Do not isolate the narrative footnote from the credit schedules. If a bank has a CRE concentration, compare loan categories with capital, past due and nonaccrual amounts, net charge-offs, and allowances. The FDIC’s CECL materials state that FASB issued ASU 2016-13, Topic 326, on June 16, 2016, introducing the current expected credit losses method.[8] That matters because the allowance should reflect expected credit losses, not just losses already charged off.

Recent bank events show why a filing clue must be tied to a source, a date, and a schedule. The FDIC says Silicon Valley Bank was closed on March 10, 2023,[9] Signature Bank was closed on March 12, 2023,[10] and First Republic Bank was closed on May 1, 2023.[11] Those dates do not make every concentrated bank unsafe. They remind the reviewer to connect customer, depositor, asset, and funding concentration before a stress event forces the connection.

Short case study: third-party-program clue. In sponsor-bank review, Evolve Bank & Trust and Synapse are useful because the public materials tie a program-risk clue to controls, reconciliation, and customer records, not because they prove anything about another sponsor bank.

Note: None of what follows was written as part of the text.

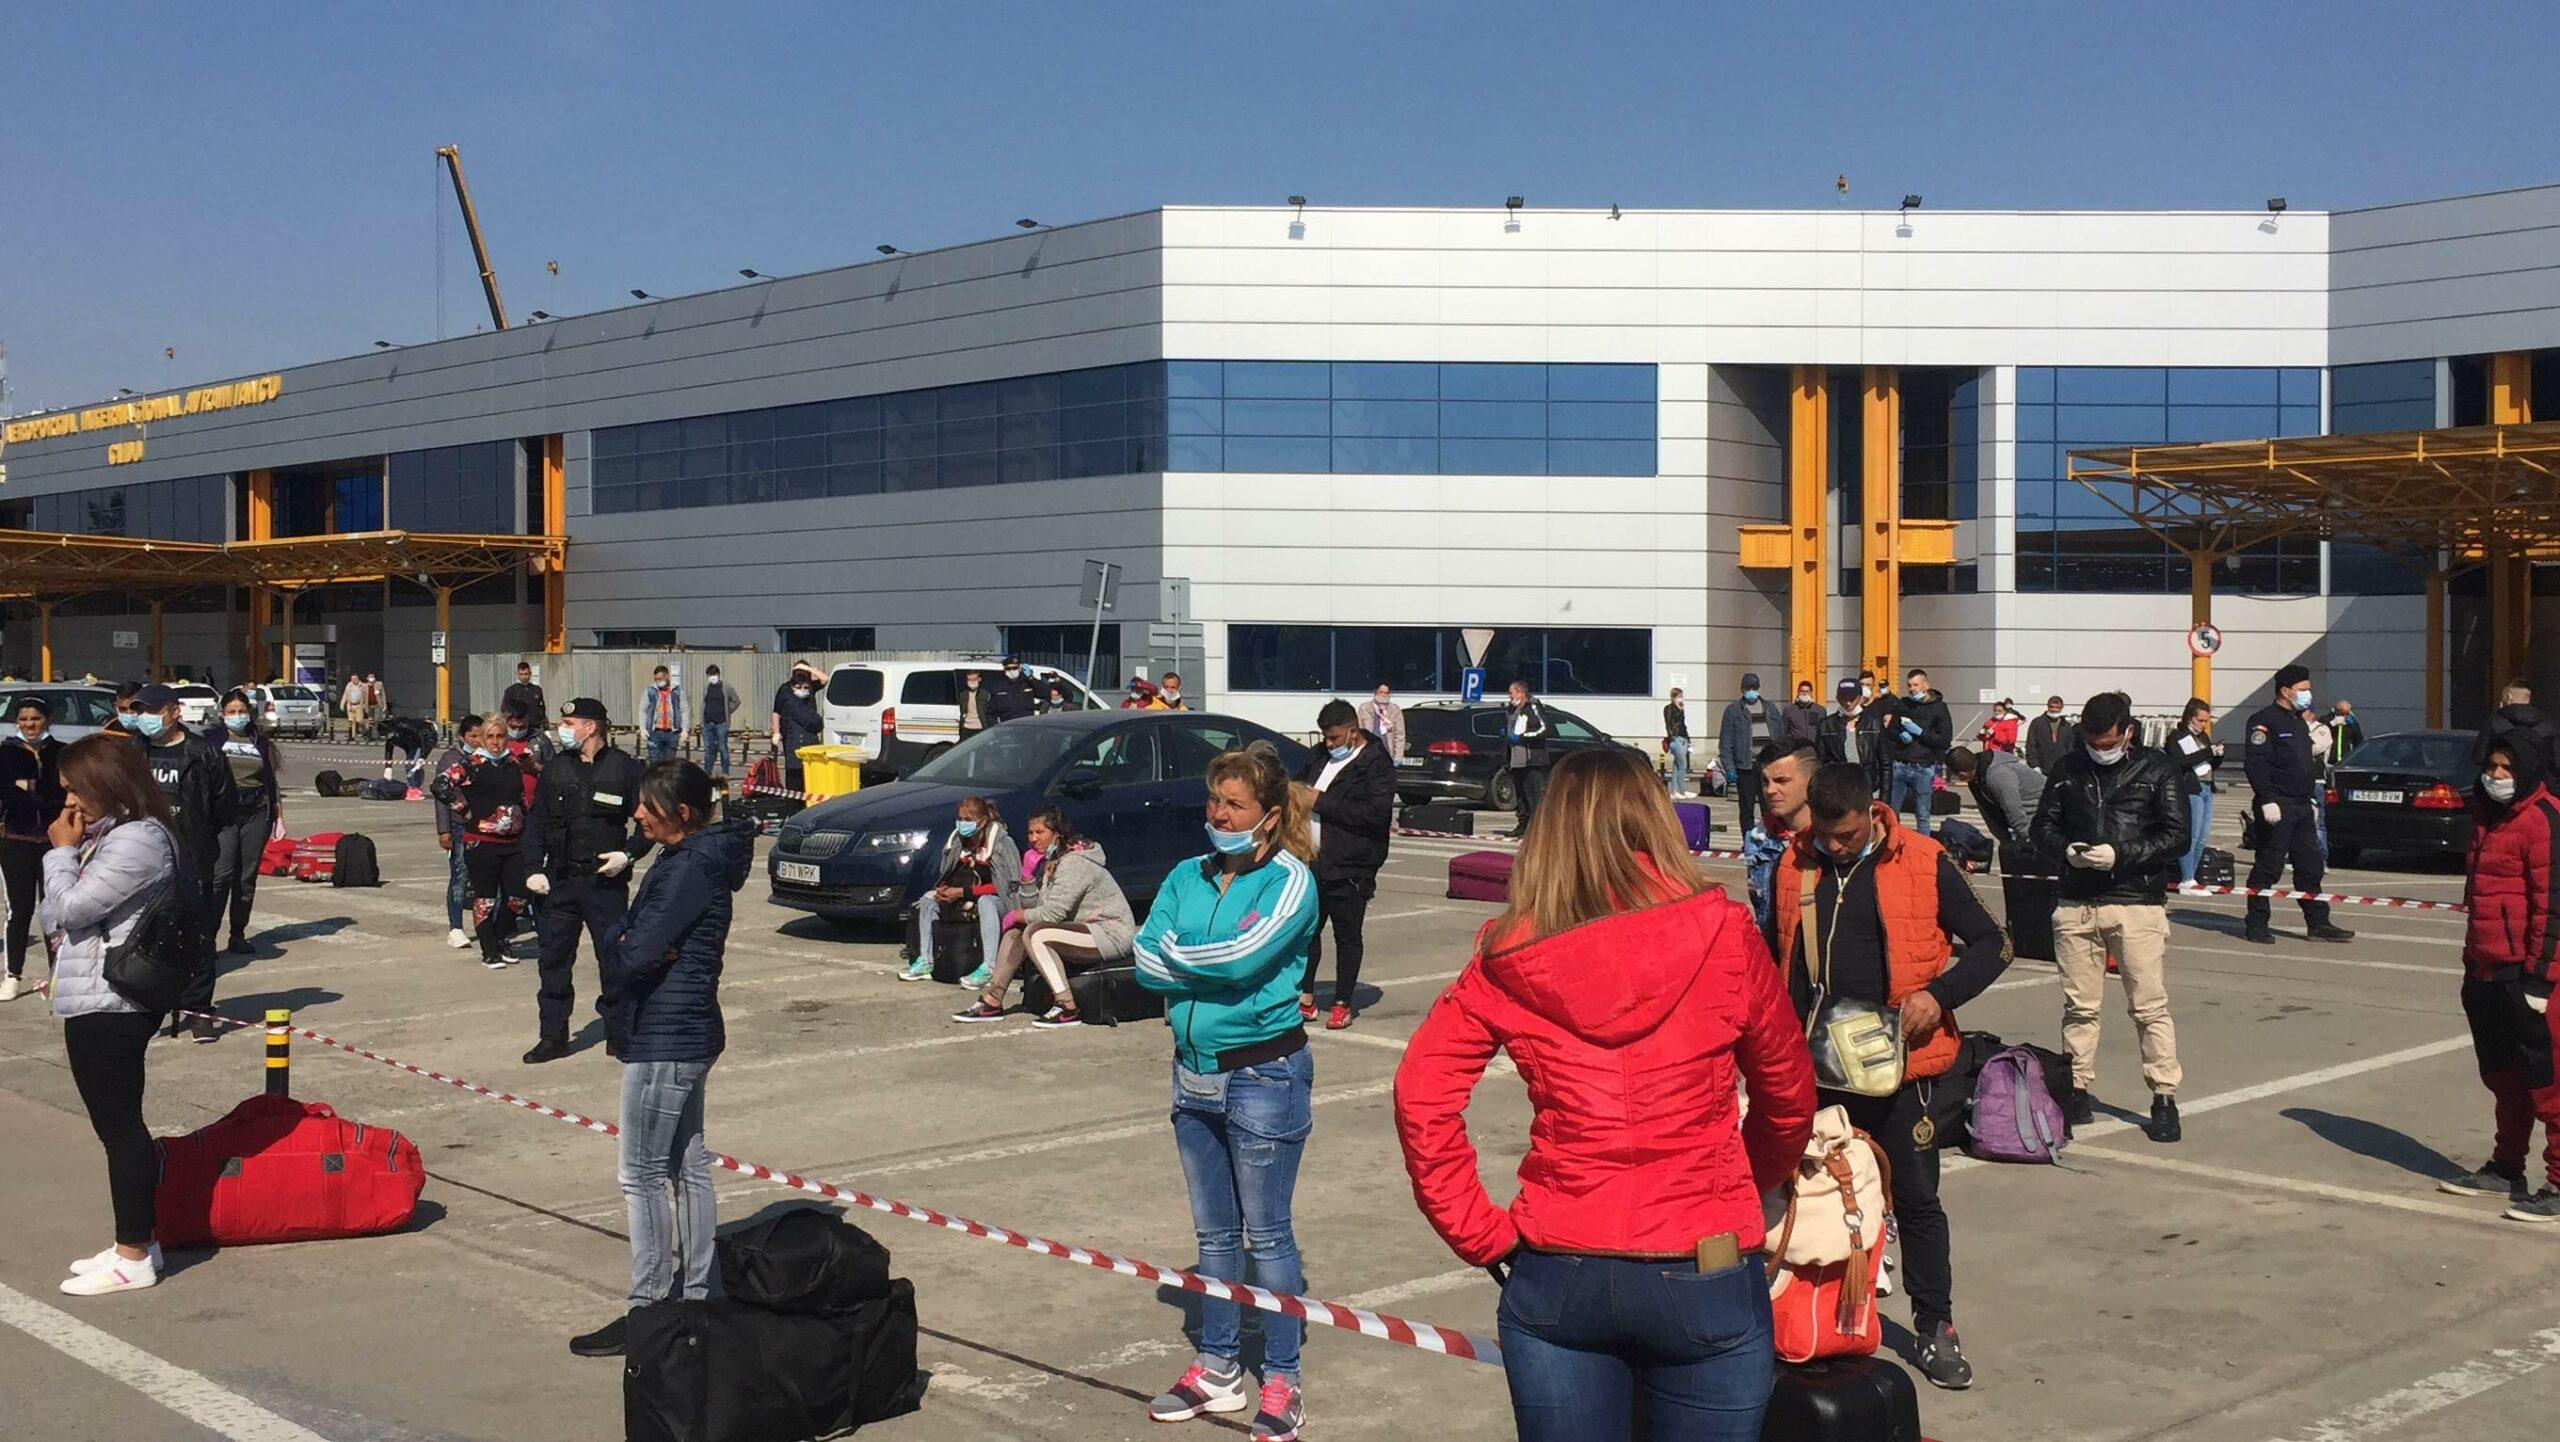 Alertă la Cluj: Zborurile spre Germania, anulate! Sute de persoane blocate. VIDEO

The Federal Reserve issued a June 14, 2024 enforcement action against Evolve Bancorp, Inc. and Evolve Bank & Trust for deficiencies in anti-money-laundering, risk management, and consumer compliance programs.[12] The CFPB’s Synapse matter says Synapse filed for chapter 11 bankruptcy protection on April 22, 2024 and describes an alleged shortfall between $60 million and $90 million between consumer funds reflected in Synapse records and funds held by partner banks.[13] The practical question for another bank is whether reconciliations, program ledgers, customer records, and termination plans are strong enough to prove who owns what.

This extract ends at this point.